- DATA SEGMENT
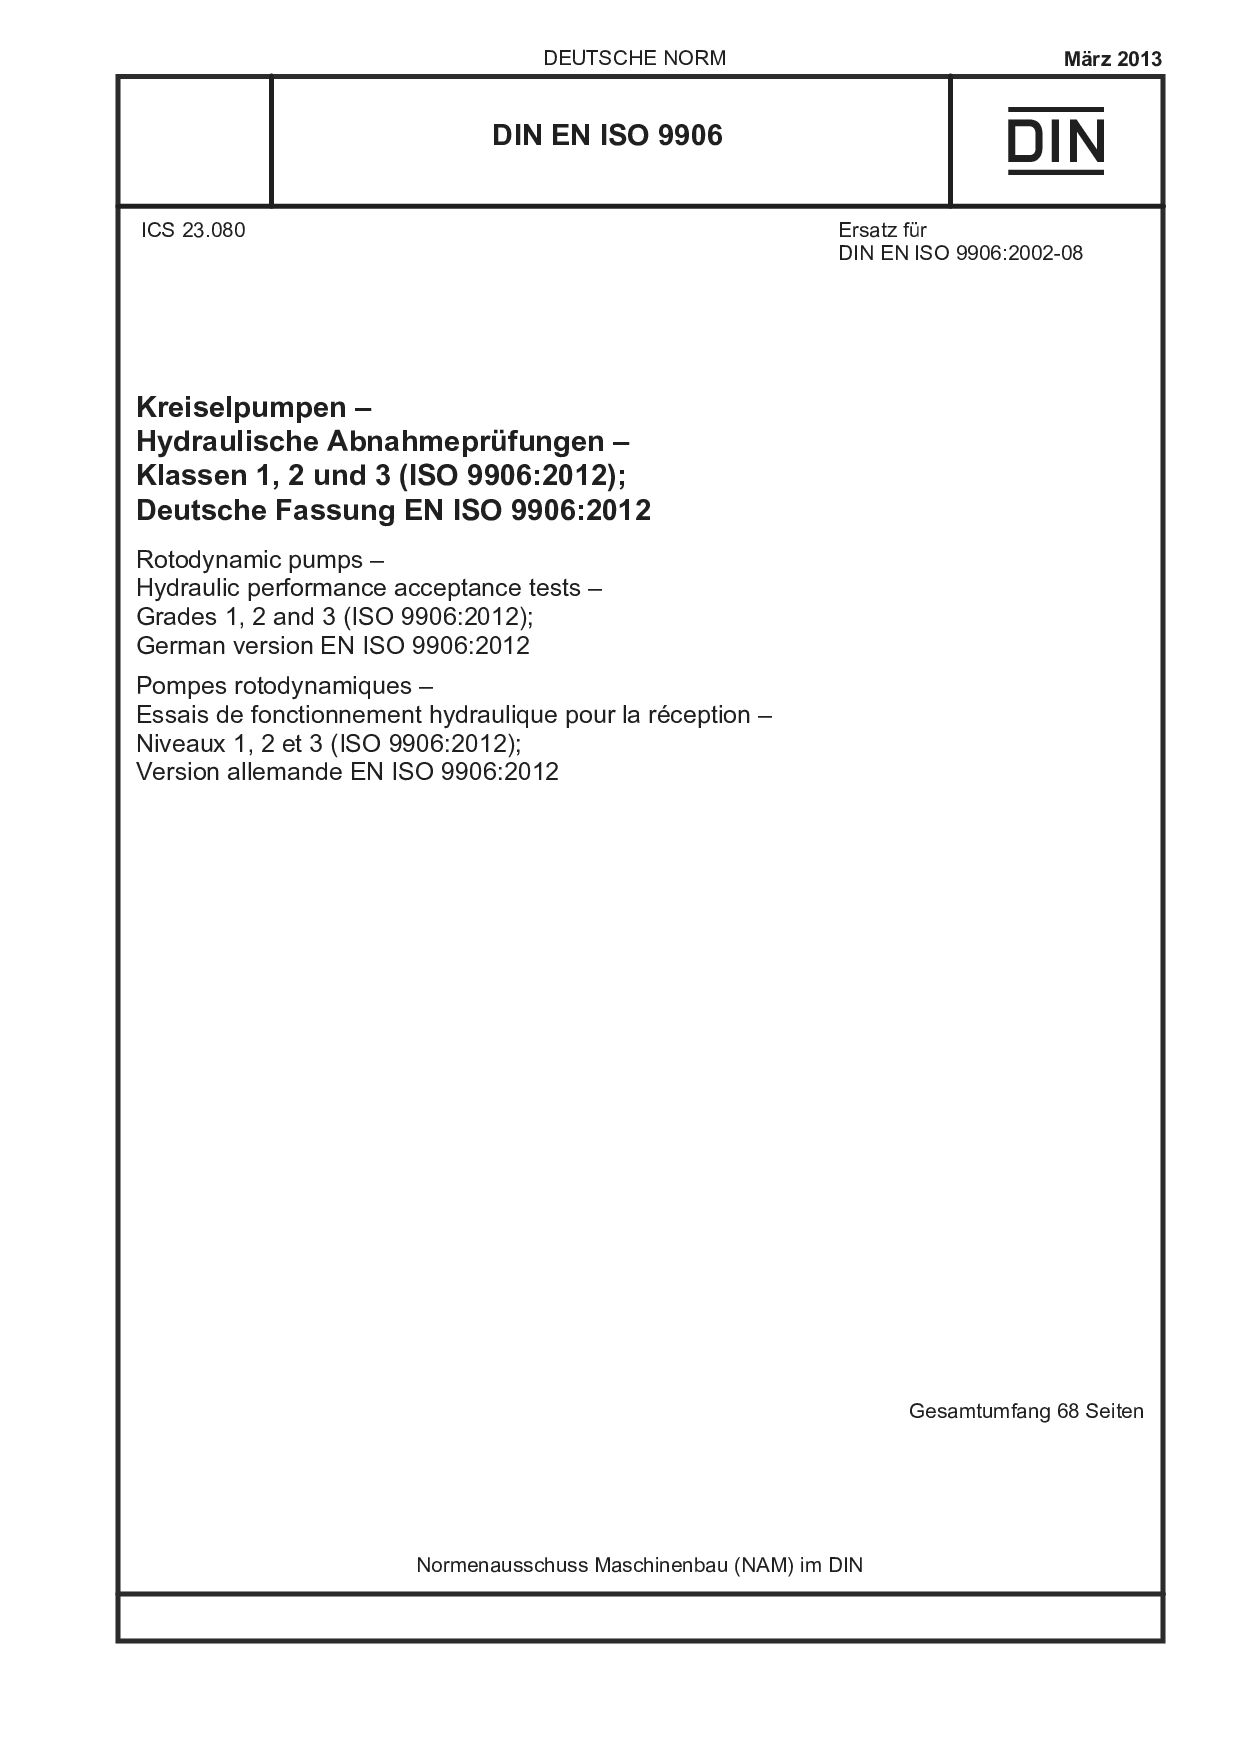 DIN EN ISO 9906:2013-03
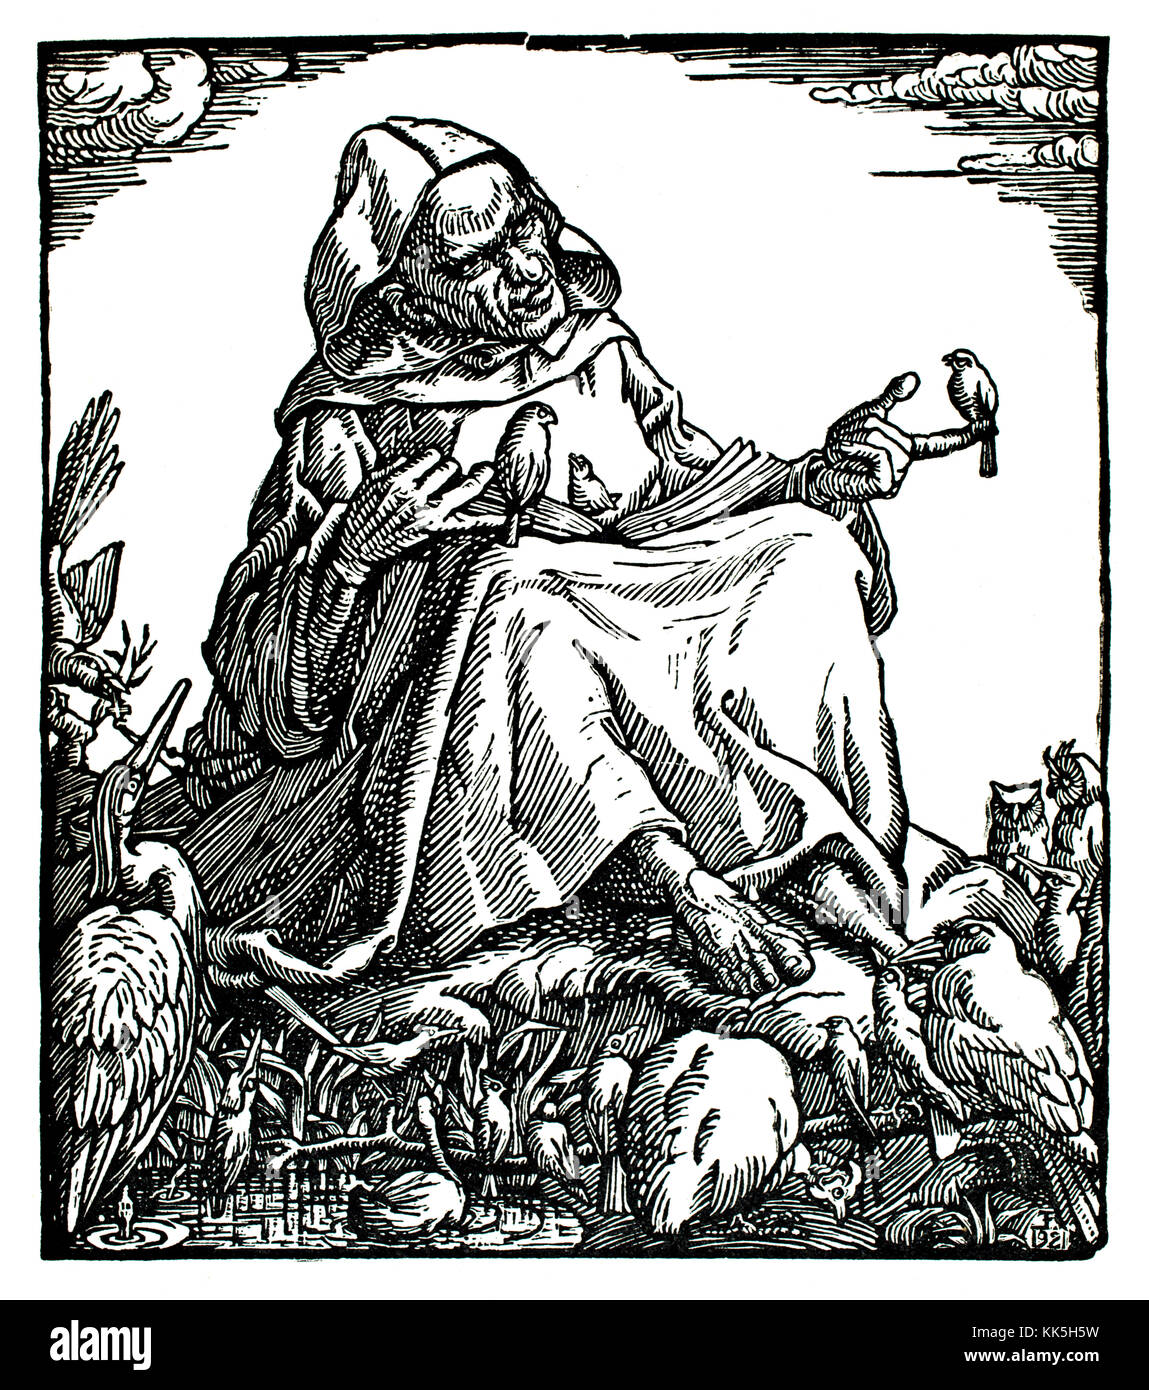 La Predica agli uccelli 1921 xilografia illustrazione dell'artista tedesco Erich Feyerabend Foto Stock
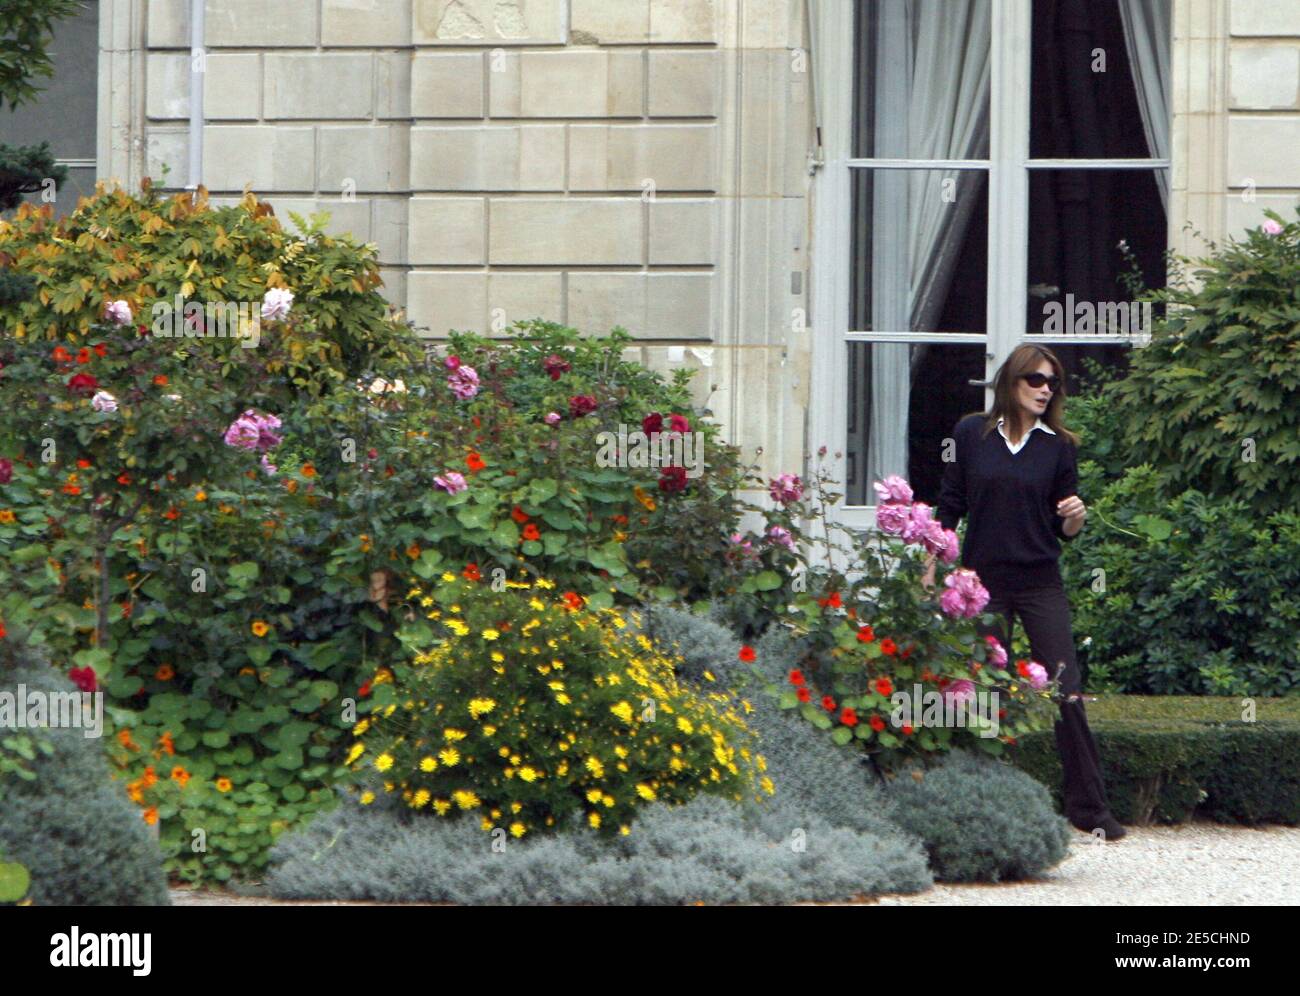 First Lady Carla Bruni-Sarkozy im Elysee-Garten, während sein Mann Nicolas Sarkozy die europäischen Staats- und Regierungschefs und Vertreter der Eurogruppe zu einem Notfalltreffen empfing, um sich auf spezifische, gesamteuropäische Maßnahmen zu einigen, um den zermürbten Finanzsektor zu stützen und die Marktpanik zu stoppen. Paris, Frankreich, 12. Oktober 2008. Foto von Bernard Bisson/ABACAPRESS.COM Stockfoto

- DESCRIPTION OF THE TASK
Reproduce the data above word for word and omit the images.

- ANSWER TO THIS PROBLEM
 DIN EN ISO 9906:2013-03
 La Predica agli uccelli 1921 xilografia illustrazione dell'artista tedesco Erich Feyerabend Foto Stock
 First Lady Carla Bruni-Sarkozy im Elysee-Garten, während sein Mann Nicolas Sarkozy die europäischen Staats- und Regierungschefs und Vertreter der Eurogruppe zu einem Notfalltreffen empfing, um sich auf spezifische, gesamteuropäische Maßnahmen zu einigen, um den zermürbten Finanzsektor zu stützen und die Marktpanik zu stoppen. Paris, Frankreich, 12. Oktober 2008. Foto von Bernard Bisson/ABACAPRESS.COM Stockfoto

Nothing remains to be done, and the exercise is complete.